Pioneering technology set to transform global poultry production

A pioneering technology developed in Co Limerick is set to transform global poultry production by turning chicken waste into energy.

Managing waste from the $400bn industry has posed huge challenges for years, but now a solution has been found.

BHSL, an agri-tech business based at Kantoher Business Park in Ballagh, West Limerick, has developed manure-to-energy technology aimed at transforming the environmental impact involved.

The patent-protected system converts the poultry manure into energy, which is then used to provide heating for future batches of chicks, or sold back into the electricity grid.

It is the only system available that meets both the United States and European Union environmental regulations. It already has over 110,000 operational hours on British farms.

In 2015, the European poultry business of global business group Cargill signed a 20-year agreement with BHSL to convert manure to energy on its poultry farm in Herefordshire, England.

The BHSL process has the dual advantage of helping farm profitability through reduced energy bills and through improving production efficiency.

An average poultry farm creates a massive amount of manure.
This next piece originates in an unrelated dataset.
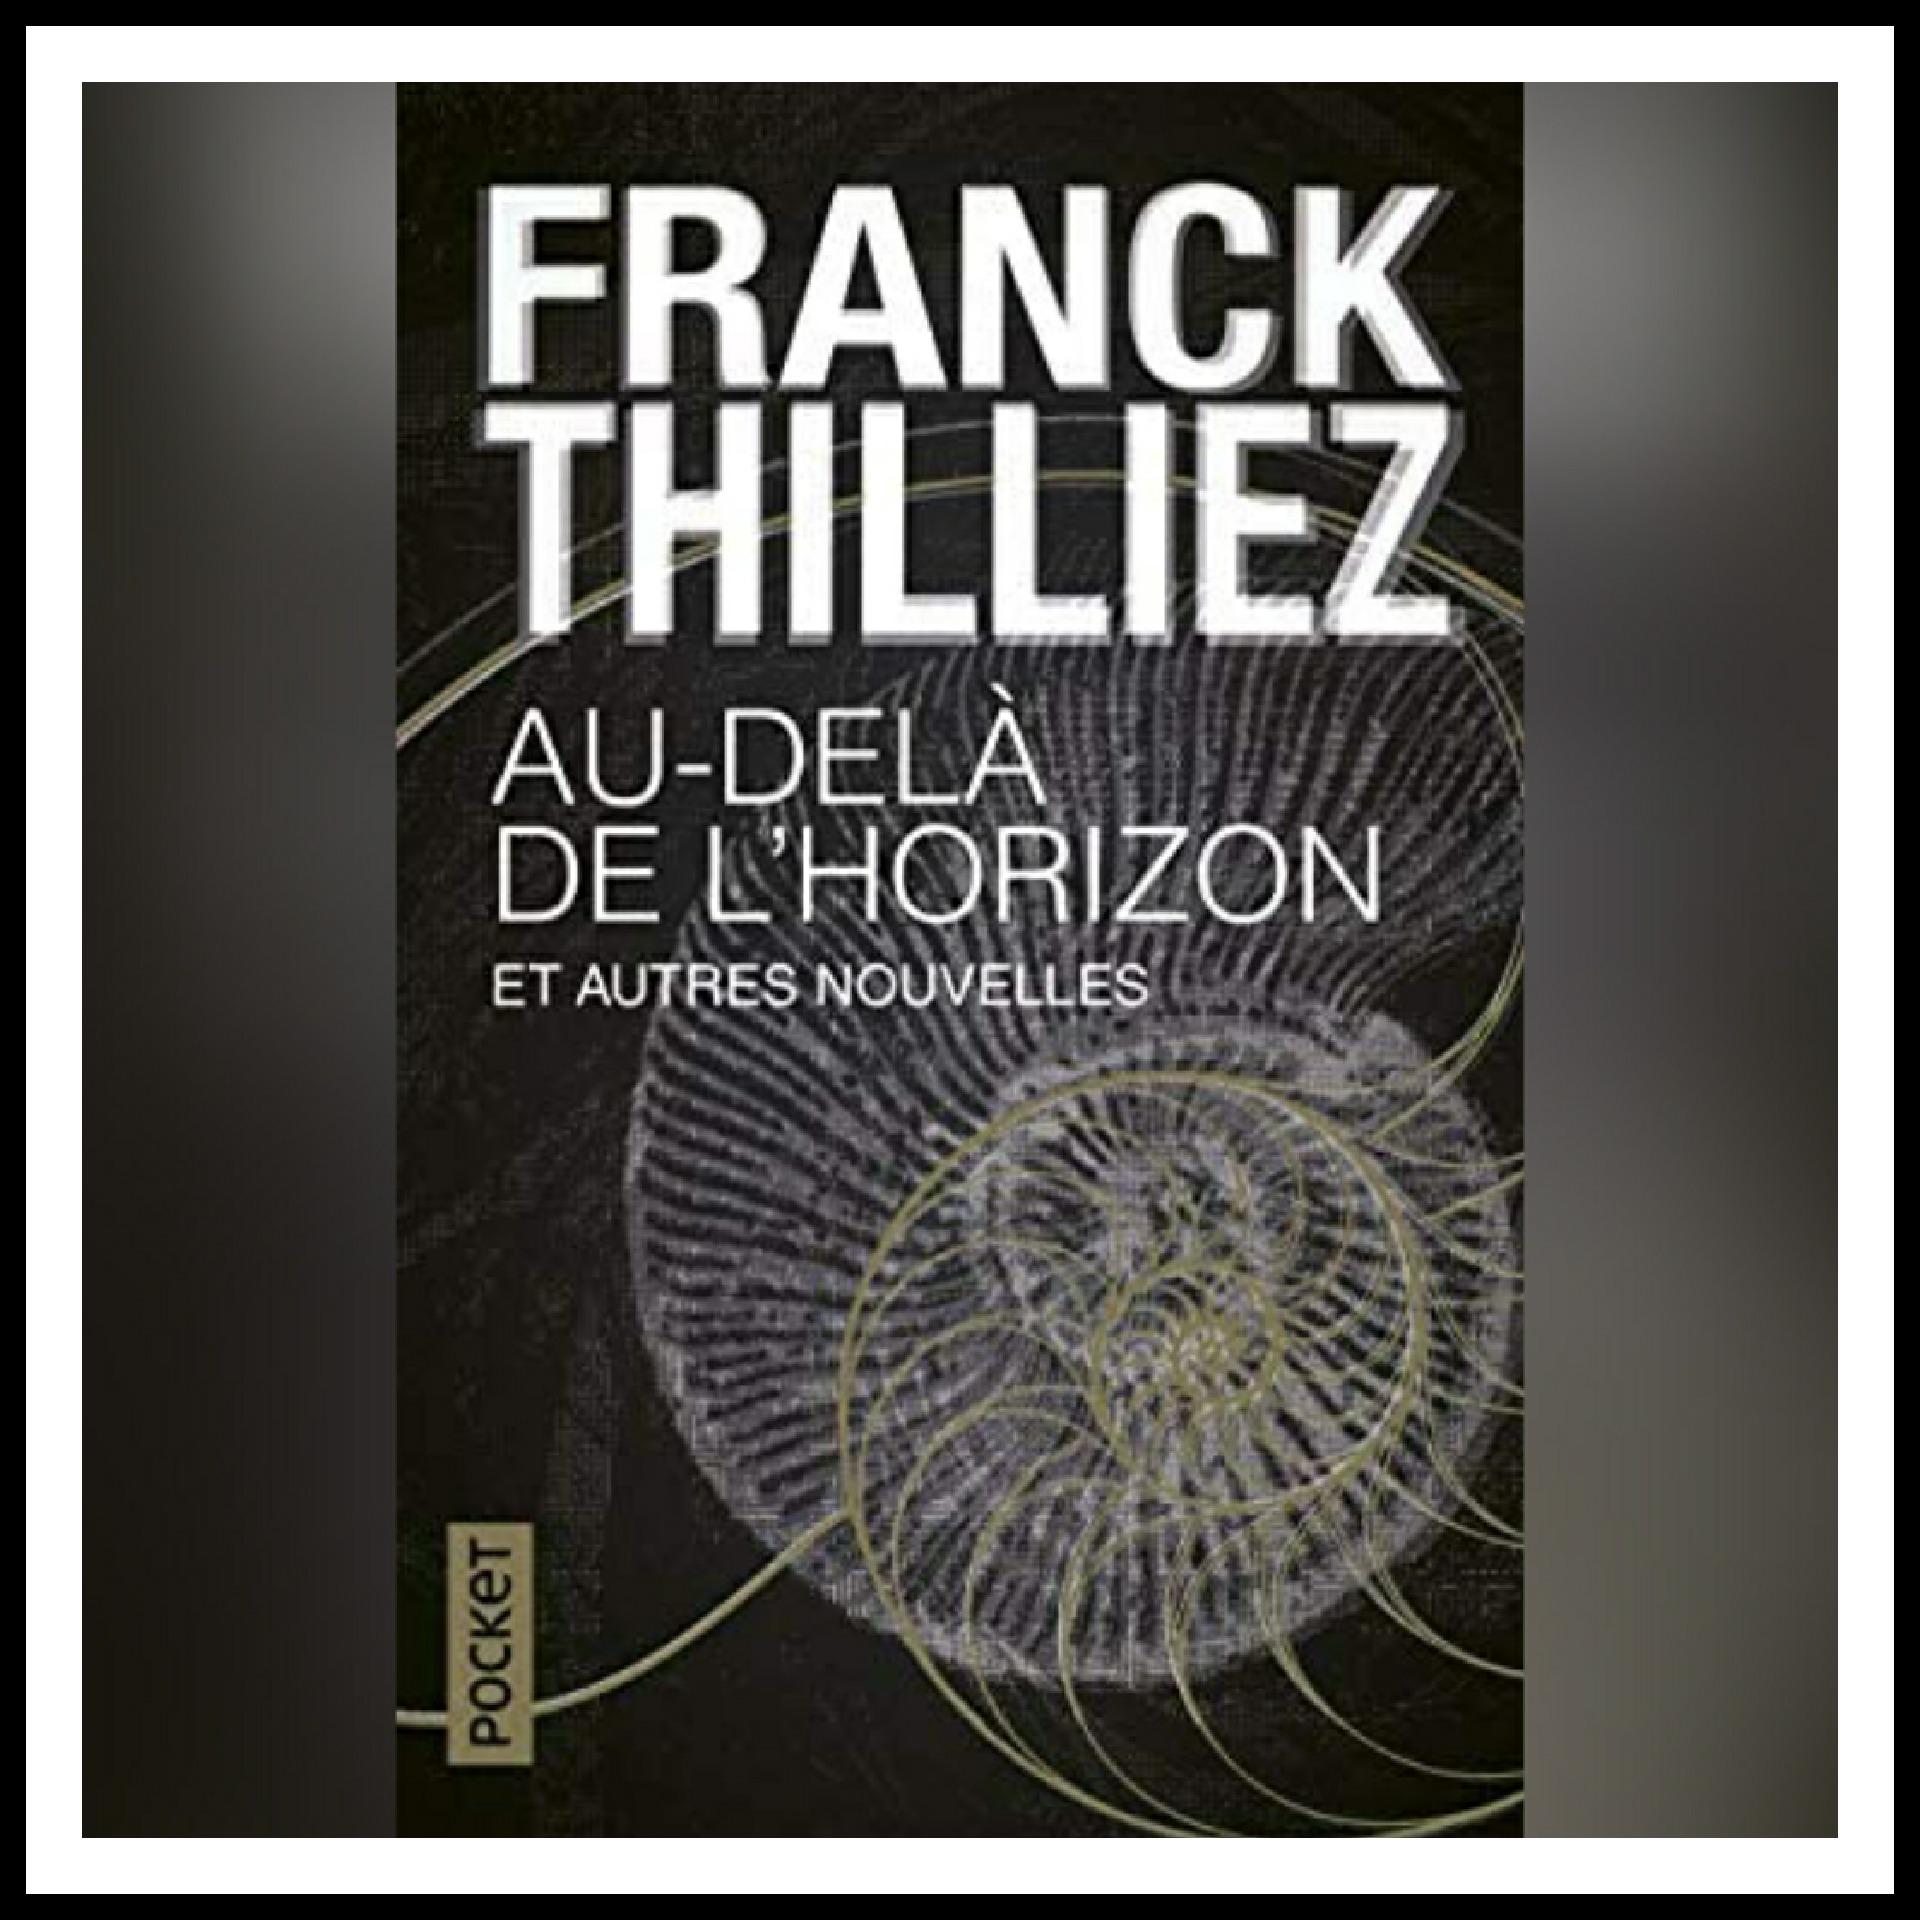 Chroniques 2020 \ Au-delà de l'horizon et autres nouvelles de Franck Thilliez

This will vary depending on the age of the bird and the feed used.

BHSL recently agreed a $3m manure-to-energy pilot project with the State of Maryland in the US.

The patented energy centre to be used in the project was recently shipped from the company’s plant in Ballagh and will be fully operational next month.

Maryland is one of six states in the US that surround Chesapeake Bay, where, after decades of intensive agriculture, many fields are overloaded with phosphorus.

Over 1bn chickens are produced in the region each year (12% of total US production), resulting in the production of an estimated 1.2m tonnes of manure.

This is contributing pollutants that flow into the Bay, causing severe environmental problems including algal bloom and damage to fish and shellfish stocks.

Maryland State has provided $1m funding to support the pilot project, with the balance of the $3m investment funded by BHSL.

Ann Swanson, executive director, Chesapeake Bay Commission, said BHSL’s solution has the potential to play a very significant role in reducing levels of pollution in the bay.

“We have been looking for options to address the bay’s environmental challenges while supporting the farm community. If it works, it will be one of those win-win situations, with a financial benefit to the farmer and a positive environmental impact,” she said.

With 11,000 commercial poultry farms in the US producing 7.5bn chickens each year, BHSL is targeting the country as a key export market.

Poultry litter left behind on a chicken house’s floor is collected and burned in a heated layer of sand suspended over jets of air in a process called fluidised bed combustion. It creates the energy that heats the chicken houses. Any excess energy can be sold as electricity back to the power grid.

The main by-product is an ash that can be sold as fertilizer that is non-polluting and only 8% of the volume of the original material used, making it cost effective to transport to grain-growing areas.

Finding an economic alternative to land spreading for poultry manure produced in broiler rearing was the primary aim of the company’s founders.

Over the past decade, BHSL has been developing its range of products, overcoming the many and diverse difficulties in reliably processing manure into thermal energy.

It is now building a strong sales pipeline for product delivery in 2017 in export markets such as the United States, New Zealand, Poland, Germany, Holland, Italy and Saudi Arabia.

Chief executive Declan O’Connor said the potential size of the US market opportunity for BHSL is conservatively estimated at over $500m.

In the Chesapeake Bay region alone over 1bn chickens are reared each year. State governments are increasingly aware of the environmental challenges the poultry manure by-product poses for the Bay and the water sources that flow into it.

“Our unique solution can both reduce costs and increase revenue for the farmers while solving the environmental challenge they face. We are very excited about the potential to grow our sales in the US following the State of Maryland demonstration.”

The chief executive’s brother and company founder Jack O’Connor, is BHSL’s chief technology officer, who designed the patent-protected system.

“Ten years ago our family poultry farm in Limerick was on the verge of closure as it couldn’t operate within strict new EU regulations on ground water pollution.

“That gave me the idea to develop this miniature fluidised bed technology which has now been tried and tested, with over 110,000 hours of successful operation on farms in Ireland and the UK.

“BHSL is now aggressively ramping up its sales operations and we see a major global opportunity to export our product and add jobs to our team of 28 who already work in the business,” he said.

The company says that poultry farmers who use its system can benefit from a reduced environmental impact, lower energy costs, improved animal welfare, faster chicken growth and additional revenue.

Based on farmer Bob Murphy’s 112-acre farm in Rhodesdale, Maryland, the impact of the system will be closely monitored by researchers from the Universities of Maryland and Georgia to ensure all of the findings are fully verified by an independent third party.

Murphy’s farm produces 3,650 tons of manure annually which historically has been trucked to other farms for use as fertiliser.

But that is not a long-term solution as other farms, like Murphy’s, will soon have soil phosphorus concentrations that exceed agreed limits.

Mountaire, the poultry company for whom Bob Murphy’s farm grows chickens, is supporting the project. It is the seventh largest chicken producer in the US, selling over 330m birds each year.